I was thinking if there is a number class that buffers operation until when we need to display it, in other words it would look like this:

Num n = new Num(1);
n.DivideBy(3);
n.MultiplyBy(3);
n.toString(); // gives us "1"

Num n2 = new Num(n);
n2.DivideBy(3);
int decimal_places = 8;
n2.RoundHalfUp(decimal_places);
n2.toString(); // gives us "0.33333333"

Of course this is just an example implementation. Basically the main point here is I'm searching for a class that does not have any rounding errors (usually by delaying calculations to the last moment).

I understand that performance would be slower than Double or Decimal. But it doesn't have to do calculations blindly fast, as long as it is within acceptable time.

Answer 1

Your specific problem could be solved by a type that can represent any fraction exactly. You can use a library for that or write one yourself (it shouldn't be that hard).
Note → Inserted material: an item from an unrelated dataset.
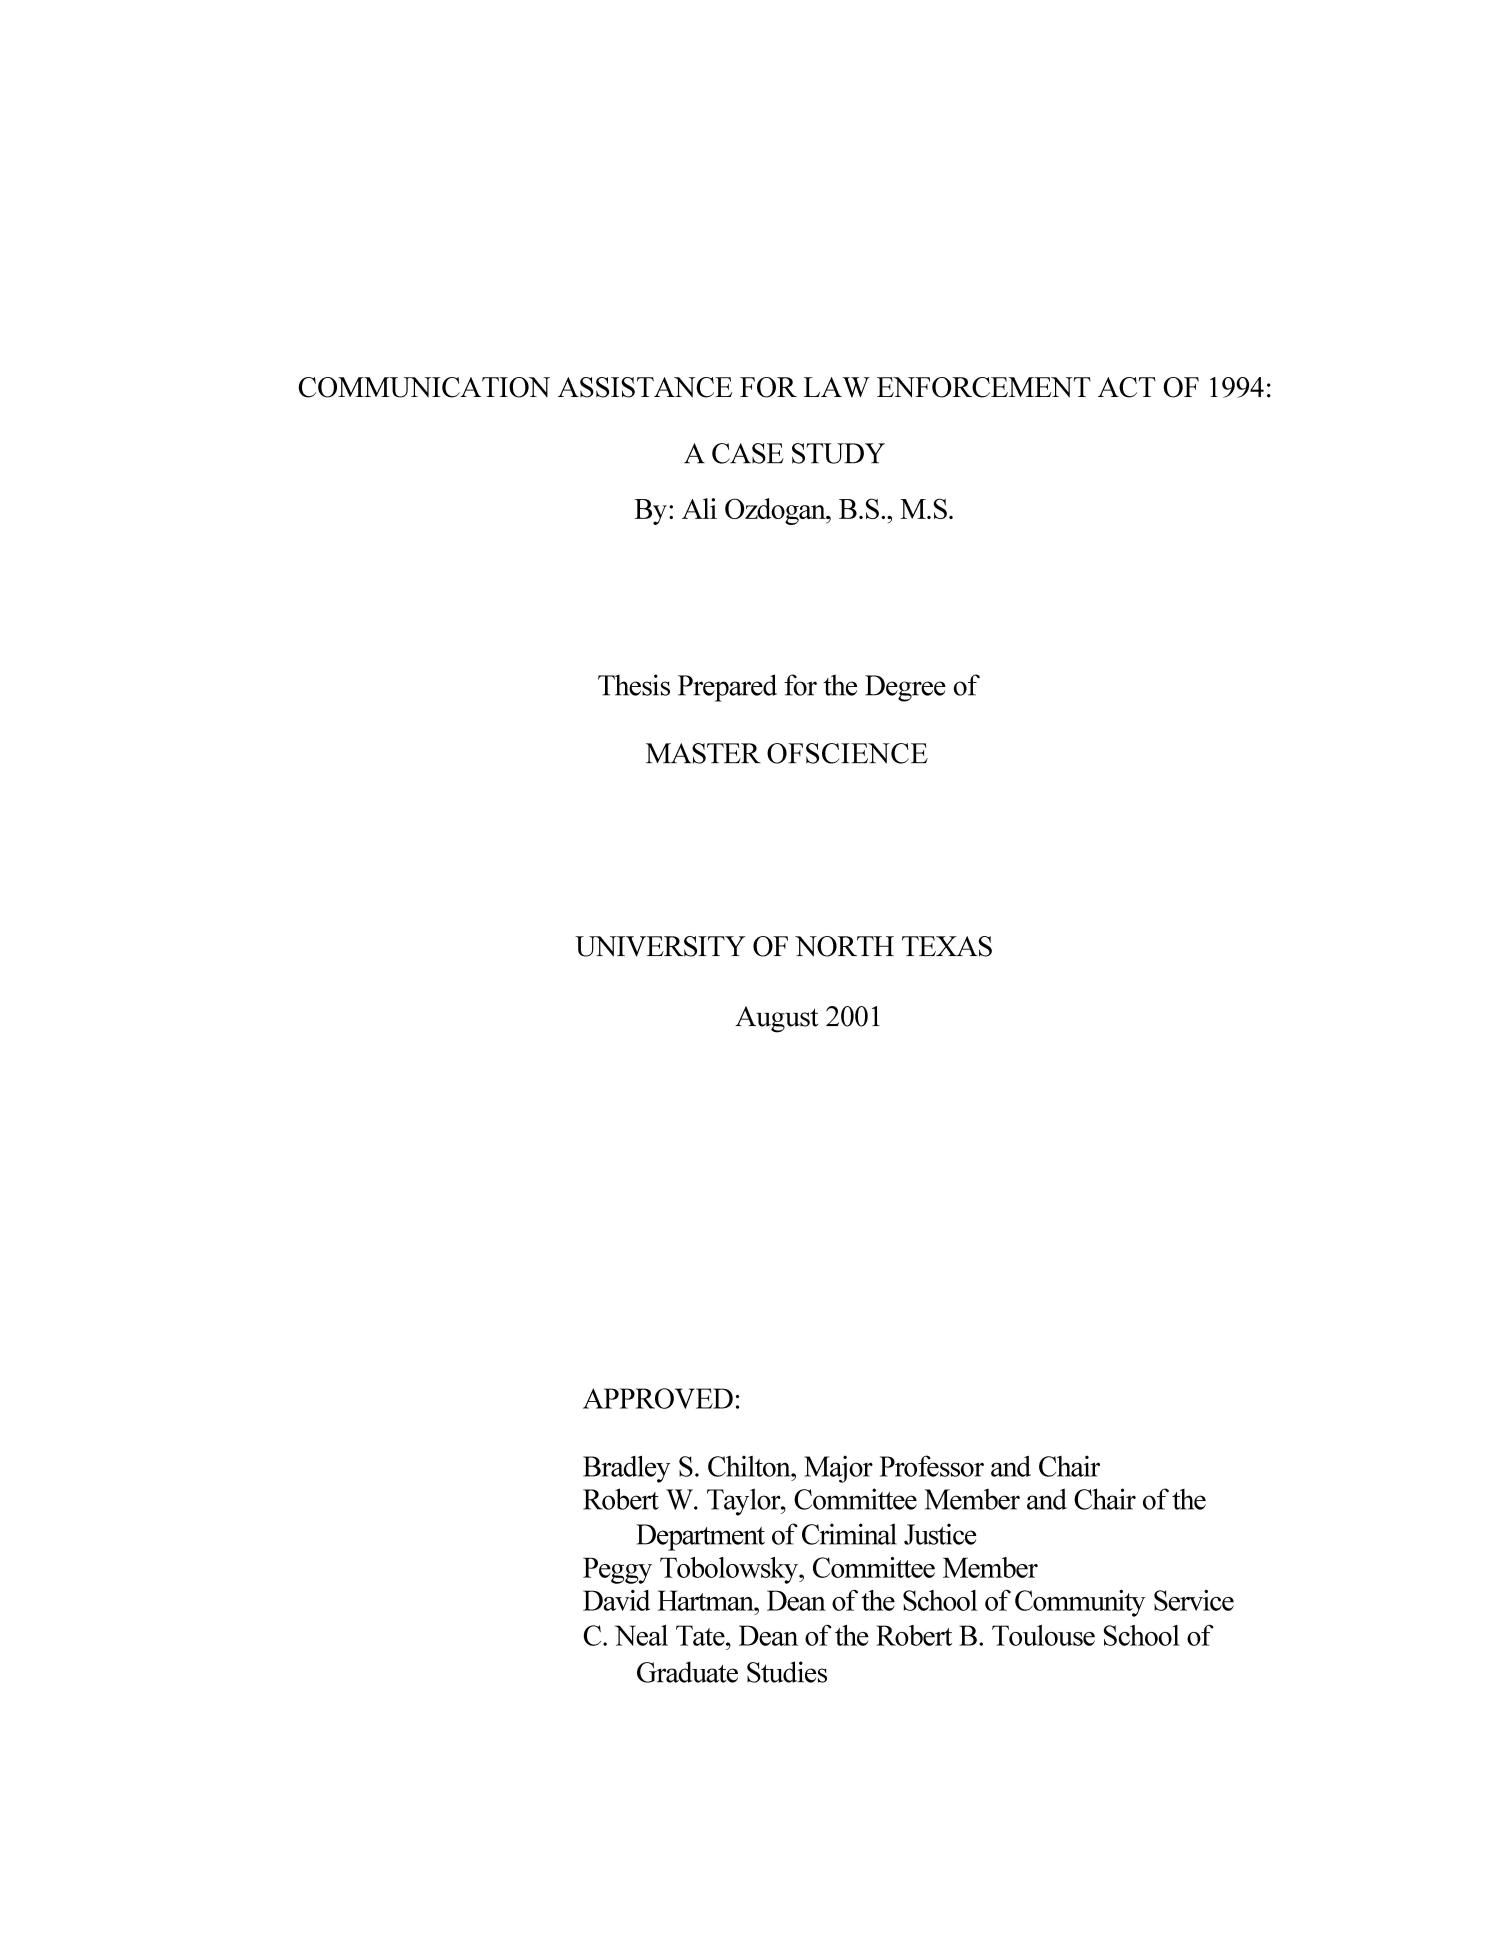 Communication Assistance for Law Enforcement Act of 1994: A Case Study
                                                
                                                    Title Page

But if you want to solve the general problem, so that Math.Pow(Math.Sqrt(2), 2) == 2 returns true and that works for arbitrary operations, you would need a type that can represent any calculation and be able to reliably simplify it. Just delaying the calculation isn't enough.

I'm not sure something like this exists or that it's even possible.

Answer 2

This is a job for rational numbers. No need to delay anything if you're only doing arithmetic operations (including division).

If you need to compute arbitrary continuous functions (eg. logarithms, cosines, square roots, etc), it becomes way more involved. Keeping track of the needed digits to ensure requested precision is tricky, but definitely doable, albeit inefficient in practice. The idea is to store along each function another function computing a modulus of continuity (you get what one would call "intuitionistic continuous functions").

Note that storing an expression tree doesn't simplify matters much, since you'll need to evaluate the resulting (hopefully simpler) expression.

Another approach would be to store a power series along with a radius of convergence, and compute the sum of the series when requested.

Answer 3

Perhaps an arbitrary precision integer library would be sufficient for your needs?

The linked answer deals with C#, but of course they are really general .NET answers.